Director of Public Prosecutions
- In office 2009–2022
- Preceded by: Gérard Angoh
- Succeeded by: Rashid Ahmine

Parliamentary Counsel
- In office 2003–2009

Personal details
- Born: 31 December 1957 (age 68) Mauritius
- Spouse: Urmila Boolell
- Children: 3
- Parent: Satcam Boolell (father);
- Relatives: Arvin Boolell (brother)
- Education: University of Essex King's College London (LL.M)

= Satyajit Boolell =

Mauritian lawyer

Satyajit Boolell (born 31 December 1957), also known as Ajit Boolell, is a Mauritian lawyer. He previously served as the Director of Public Prosecutions (2009-2022). Under the Asset Recovery Act, this role is considered the enforcement authority of asset recovery in Mauritius.

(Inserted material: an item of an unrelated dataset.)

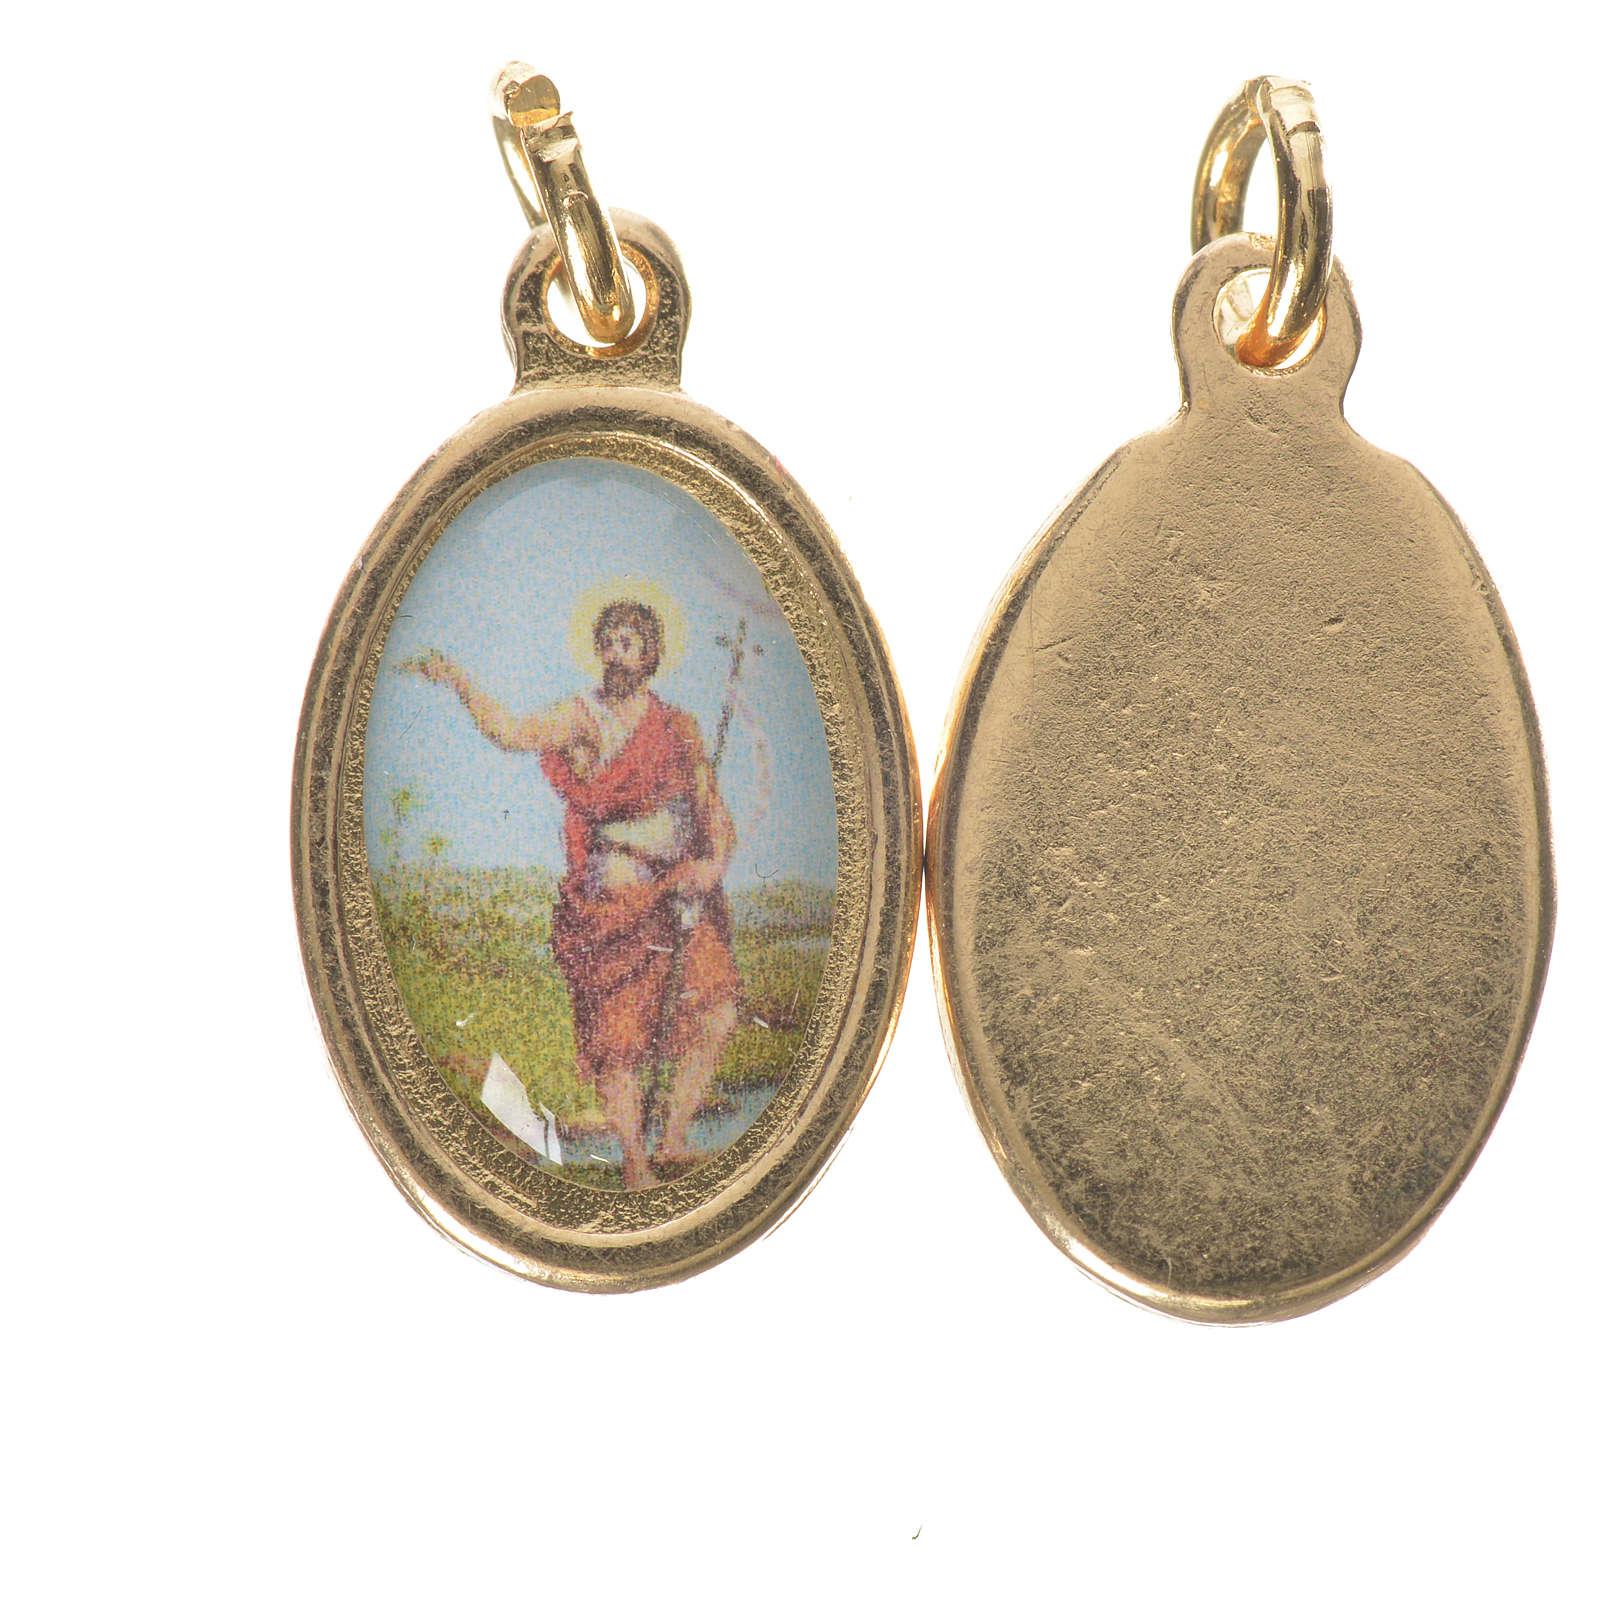 Saint John the Baptist medal in golden metal, 1.5cm 4

==Early life and education==
Born on 31 December 1957, Boolell is the youngest son of Satcam Boolell. He completed his secondary education at Royal College Port Louis before studying economics at the University of Essex. After completing a Conversion Degree, he passed the Bar exam and was called to the Bar in England and Wales in 1985. He obtained a Master of Laws (LLM) degree from King's College London.

==Career==
Following his tertiary education in England, Boolell returned to Mauritius, where he worked at his father's legal practice before joining the Civil Service in September 1986. In 1999, he worked on the L'Amicale riots case. He held the position of Parliamentary Counsel from 2003 to 2009 and in 2010 was made Senior Counsel. In February 2009, Boolell was appointed Director of Public Prosecutions (DPP) after the retirement of his predecessor, Gérard Angoh.